Hindustani has personal pronouns for the first and second persons, while for the third person demonstratives are used, which can be categorized deictically as proximate and non-proximate. Pronouns distinguish cases of direct, oblique, and dative. The lattermost, often called a set of "contracted" forms, is in free variation with the oblique case plus dative postposition. Pronouns do not distinguish gender.

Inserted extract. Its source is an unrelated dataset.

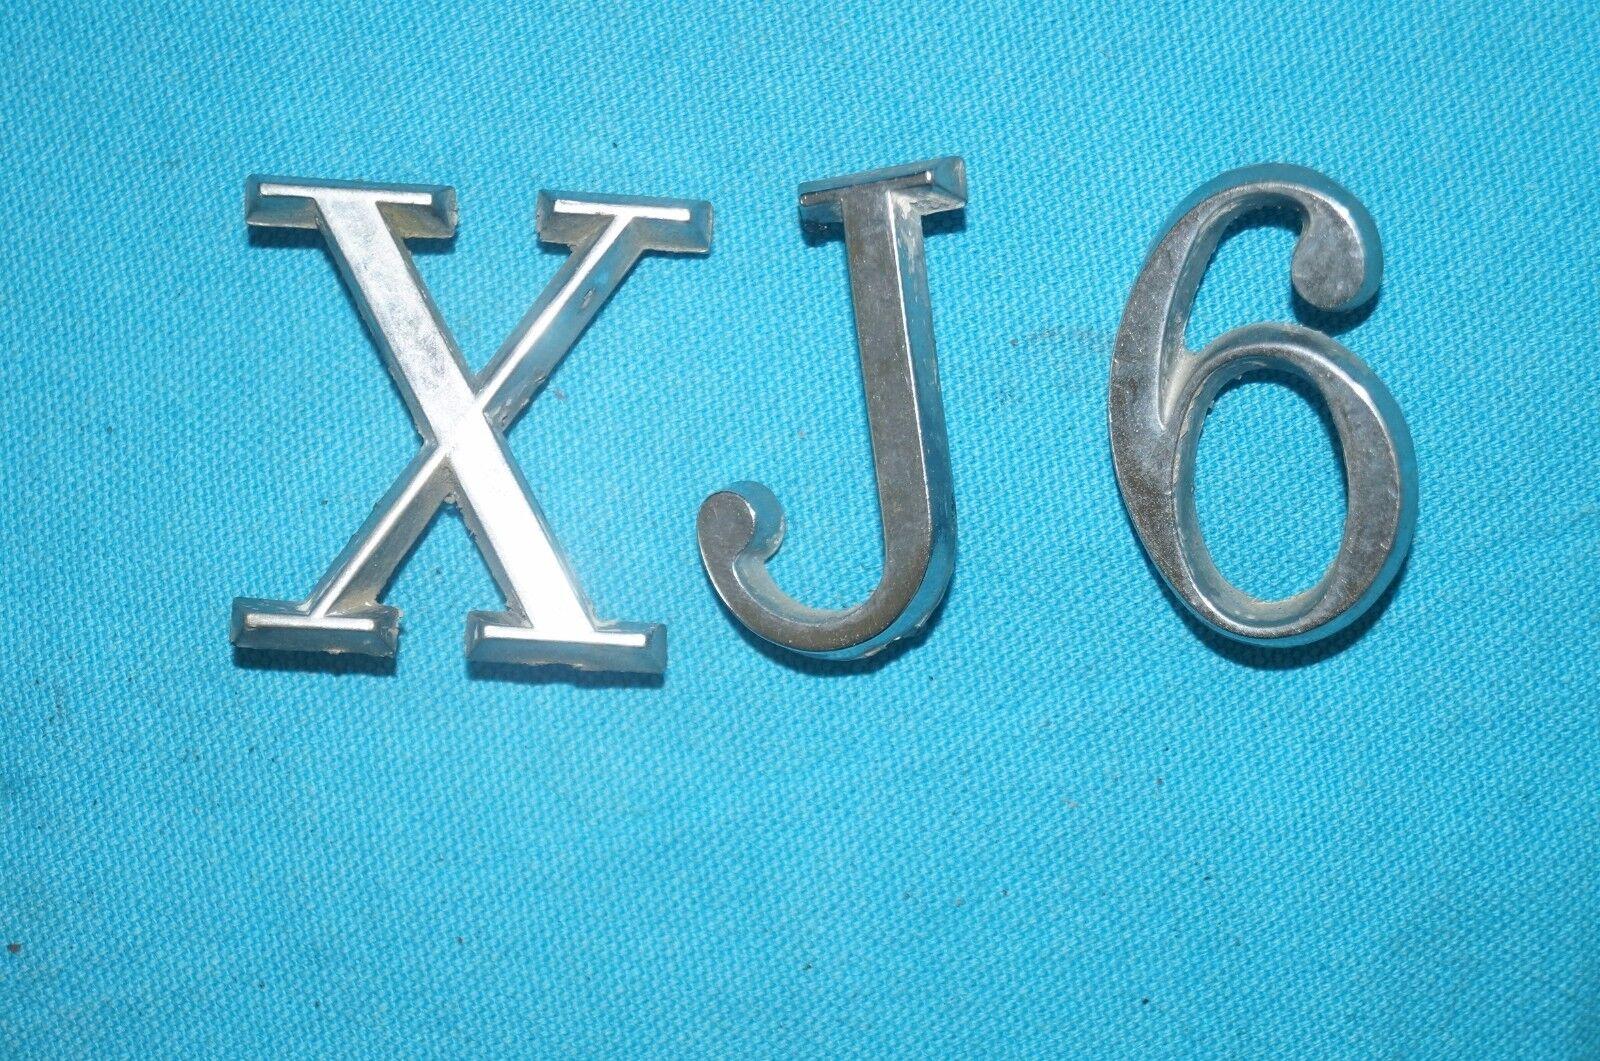 Vintage JAGUAR XJ6 X J 6  Emblem logo decal metal

Also displayed in the below table are the genitive pronominal forms to show that the 1st and 2nd pronouns have their own distinctive forms of merā, hamārā, terā, tumhārā apart from the regular formula of OBL. + kā; as well as the ergative pronominal forms to show that the postposition ne does not straightforwardly suffix the oblique bases: rather than *mujh ne and *tujh ne, direct bases are used giving mai ne and tū ne, and rather than in ne and un ne, it's inhõ ne and unhõ ne.

tū, tum, and āp are the three second person pronouns ("you"), constituting a threefold scale of sociolinguistic formality: respectively "intimate", "familiar", and "polite". The "intimate" is grammatically singular while the "familiar" and "polite" are grammatically plural. When being referred to in the third person however, only those of the "polite" level of formality are grammatically plural. The following table is adapted from Shapiro (2003:265).

Notes for pronouns:

Postpositions are treated as bound morphemes after pronouns in Hindi, but as separate words in Urdu.

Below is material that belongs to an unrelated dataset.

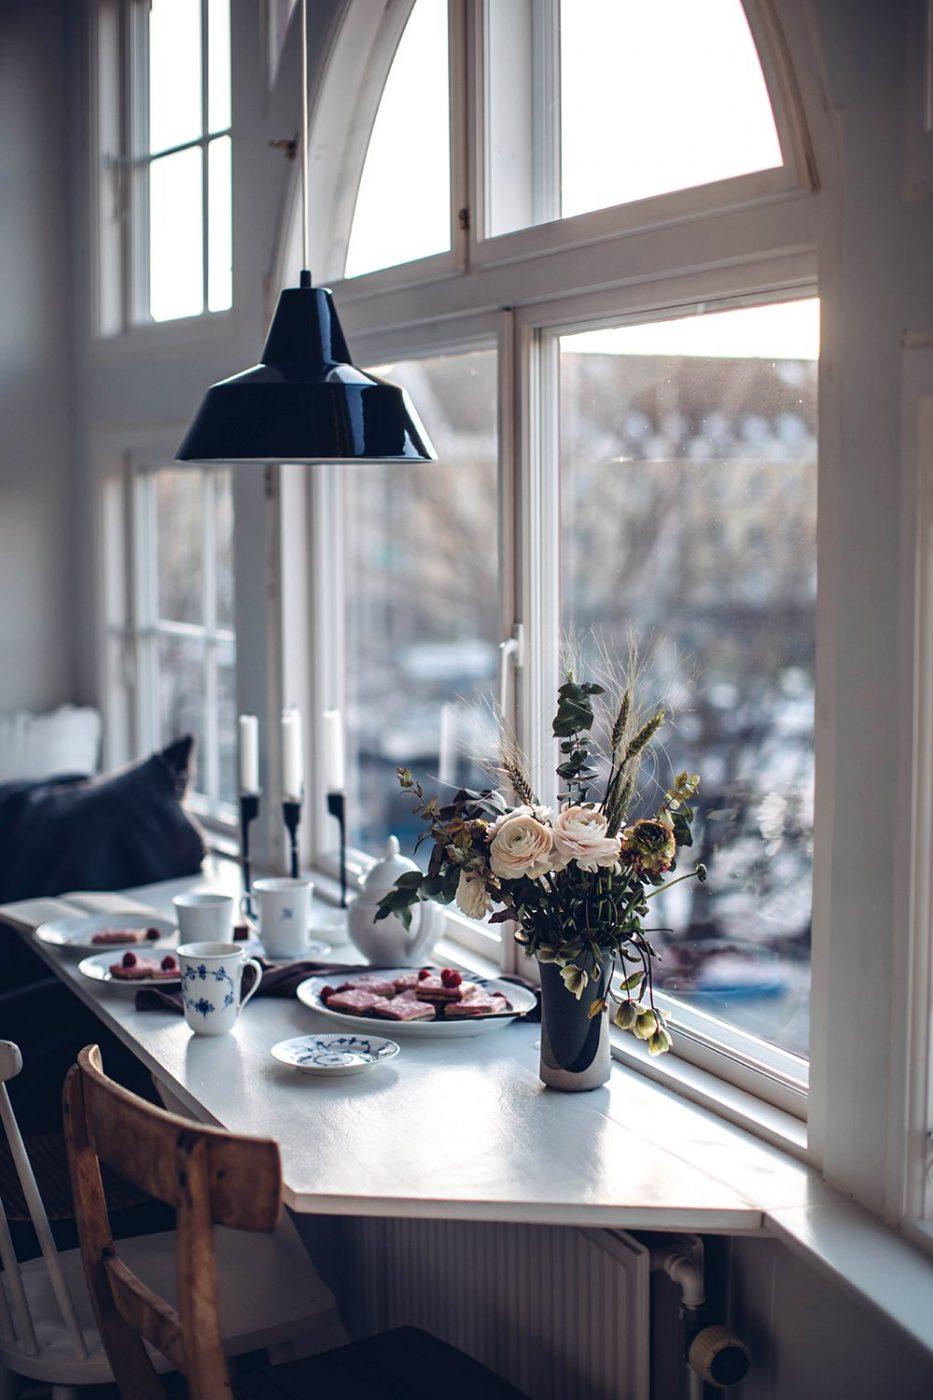 Image for Gluten-free Hindbærsnitter in Copenhagen

The varying forms for the 3rd pn. dir. constitute one of the small number of grammatical differences between Hindi and Urdu. yah "this" / ye "these" / vah "that" / ve "those" is the literary set for Hindi while ye "this, these" / vo "that, those" is the set for Urdu and spoken (and also often written) Hindi.

The above section on postpositions noted that ko (the dative case) marks direct objects if definite. As "the most specific thing of all is an individual", persons (or their pronouns) nearly always take the dative case or postposition.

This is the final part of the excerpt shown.